* [RECORDS FOR THE EXERCISE]:

======

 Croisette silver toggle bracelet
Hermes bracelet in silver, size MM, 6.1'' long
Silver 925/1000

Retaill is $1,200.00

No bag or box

======

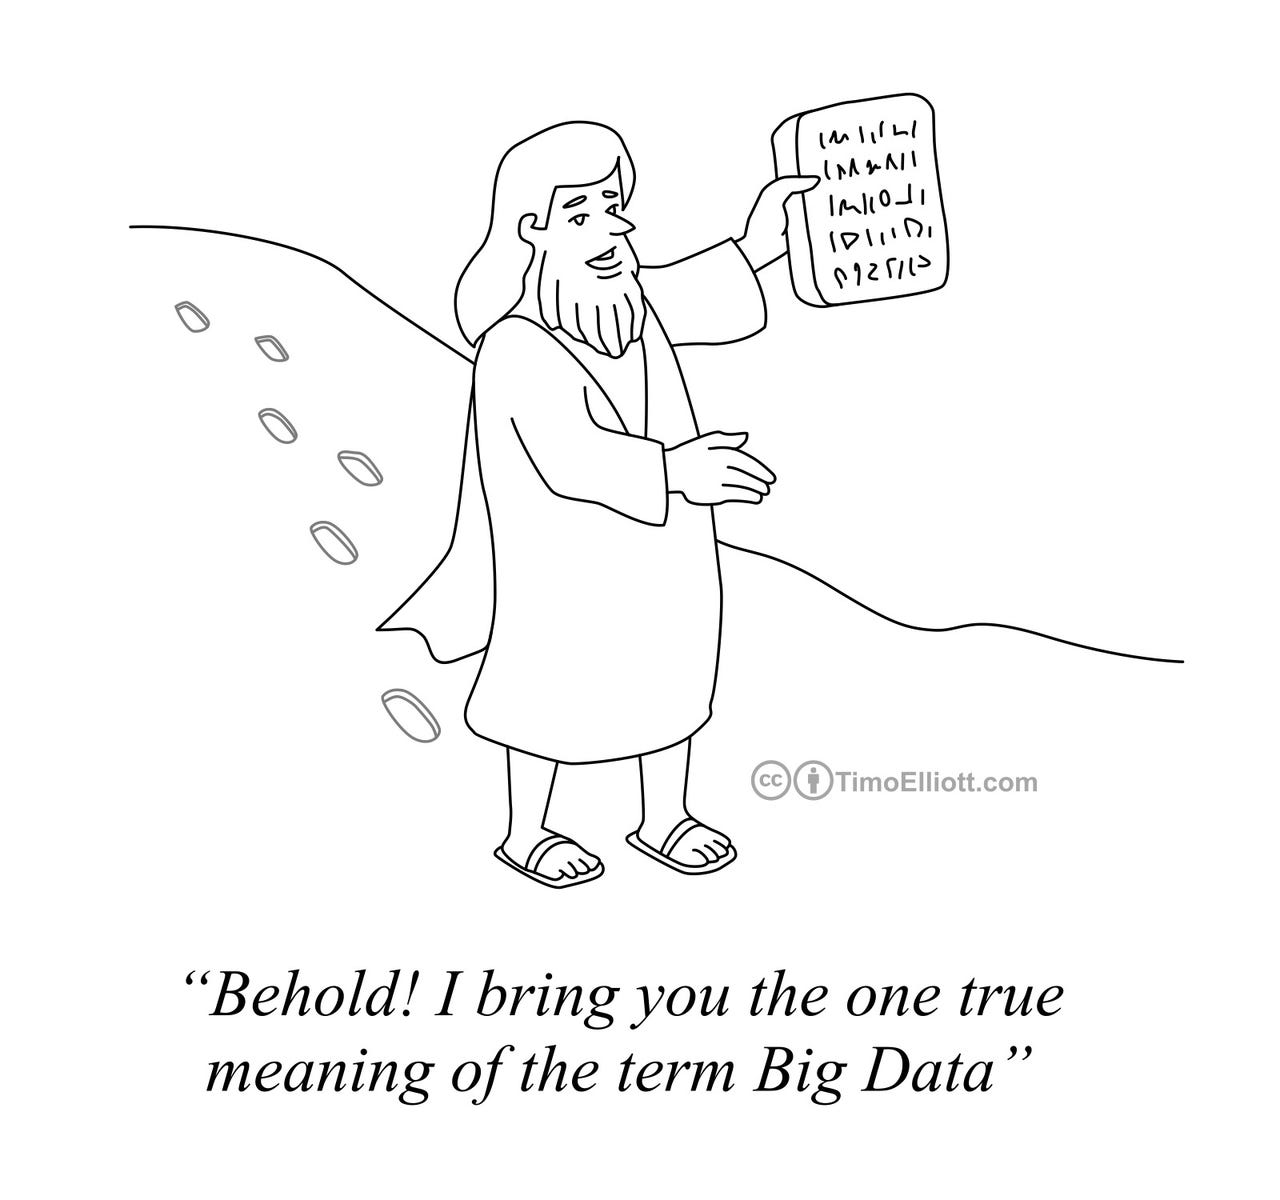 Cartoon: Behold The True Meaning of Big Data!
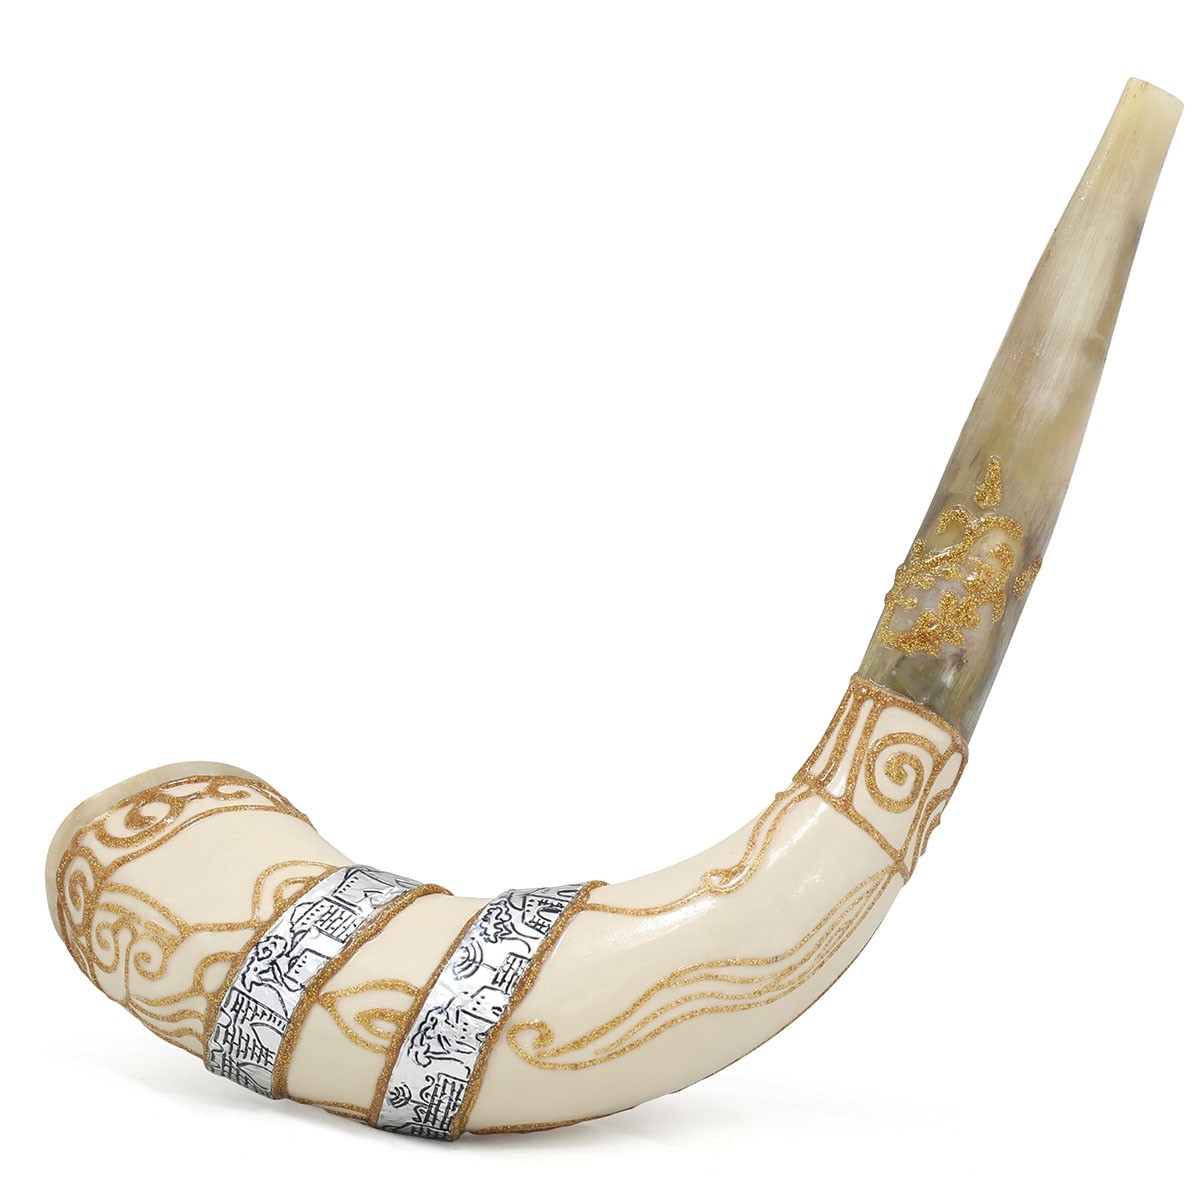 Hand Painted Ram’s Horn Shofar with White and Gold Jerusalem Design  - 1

======

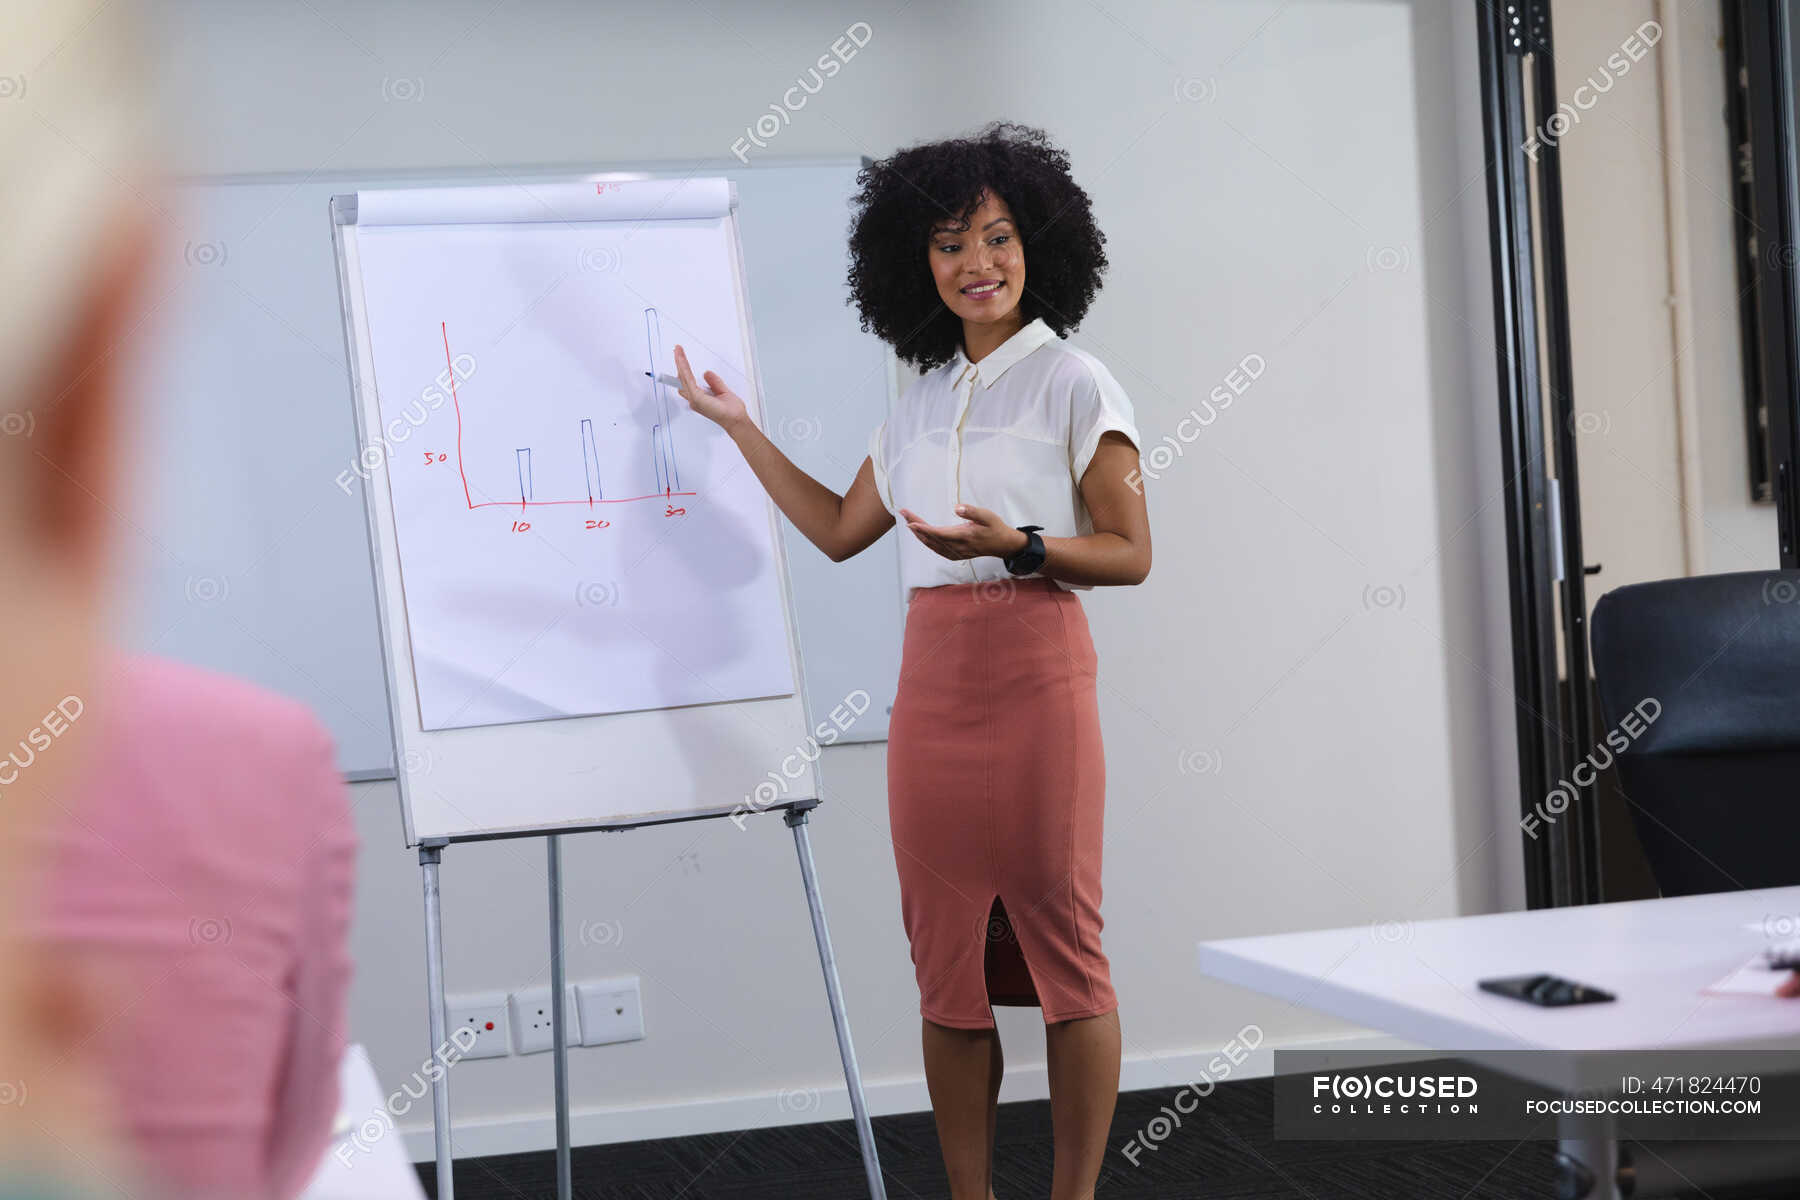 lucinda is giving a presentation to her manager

======

* [DESCRIPTION OF THE TASK]: Precisely the lines between those holding "Hermes bracelet in" and "No bag or box", inclusive, are to be reproduced from the listing above, with nothing added.

* [OUTPUT BELOW]:
Hermes bracelet in silver, size MM, 6.1'' long
Silver 925/1000

Retaill is $1,200.00

No bag or box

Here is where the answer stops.